[svn.haxx.se] · SVN Dev · SVN Users · SVN Org · TSVN Dev · TSVN Users · Subclipse Dev · Subclipse Users · this month's index

Re: [PATCH] svnsync 1.6 works even when source has eol-style impurities

From: Daniel Shahaf <d.s_at_daniel.shahaf.name>
Date: Sat, 11 Apr 2009 15:21:19 +0300 (Jerusalem Daylight Time)

B Smith-Mannschott wrote on Wed, 1 Apr 2009 at 19:39 +0200:
> Here's my attempt at a patch for the svnsync issues raised by this
> thread.

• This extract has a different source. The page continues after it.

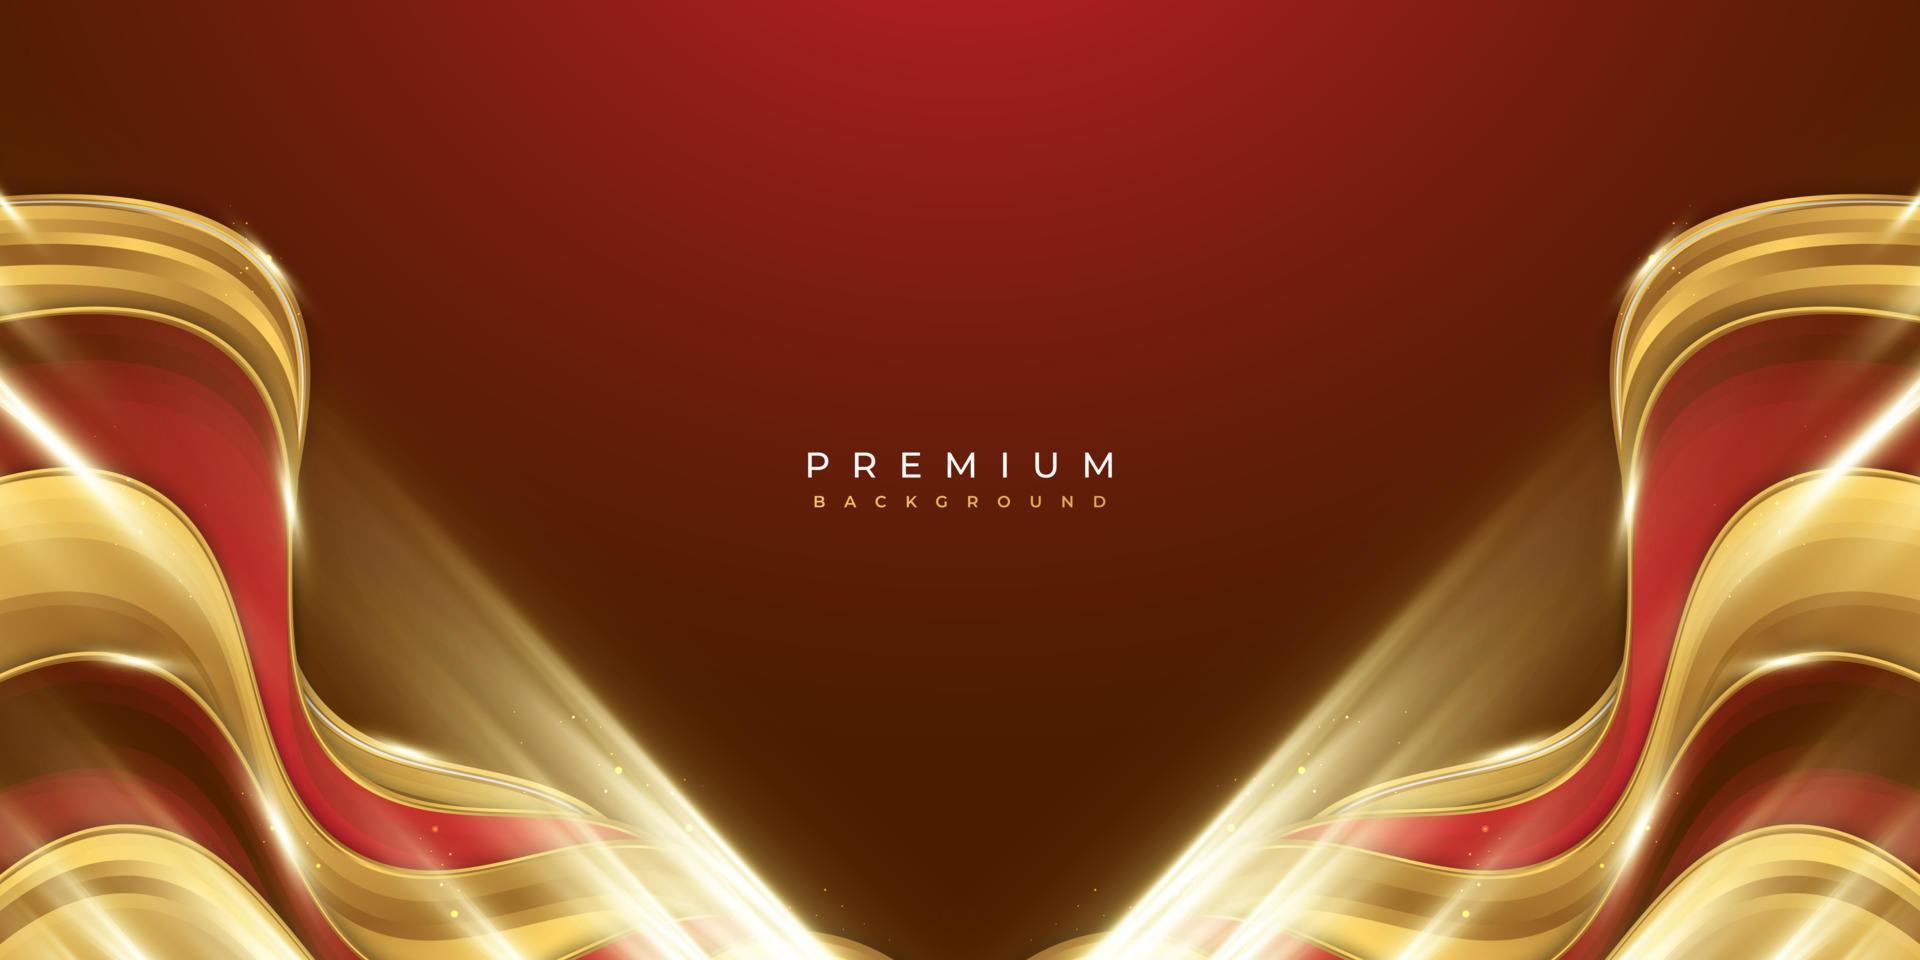 Luxury and Elegant Red and Gold Background with Golden Light and Paper Cut Style. Can be Used for Award, Banner, Card, Nomination, Ceremony, Formal Invitation or Certificate Design vector

Please let me know what I can do to improve it.
>
> [[[
> Make is possible to use svnsync 1.6 even when source has eol-style impurities.
>

Are there any relevant issue numbers to be mentioned here? (I don't think
there is an issue specifically for these new problems, but asking.)

> * subversion/include/svn_string.h
> (svn_string_with_normalized_eol_style): new function.
> This provides eol normalization for us.
>
> * subversion/libsvn_subr/svn_string.c
> (svn_string_with_normalized_eol_style): new
> (svn_stringbuf_normalize_eol_style): new

The second function uses the public naming convention, but isn't public.
(see below)

> This does the actual work of the eol normalization by mutating
> a stringbuf provided by the caller.
>
> * a/subversion/svnsync/main.c
> (edit_baton_t): added field normalize_prop_eol_style
> (change_file_prop, change_dir_prop): normalize eol-style for svn:*
> properties, conditional on normalize_prop_eol_style.
> (get_sync_editor): initialize normalize_prop_eol_style from
> the environment variable SVNSYNC_UNSUPPORTED_NORMALIZE_PROP_EOL_STYLE.
> If this is defined, we will do normalization, otherwise not.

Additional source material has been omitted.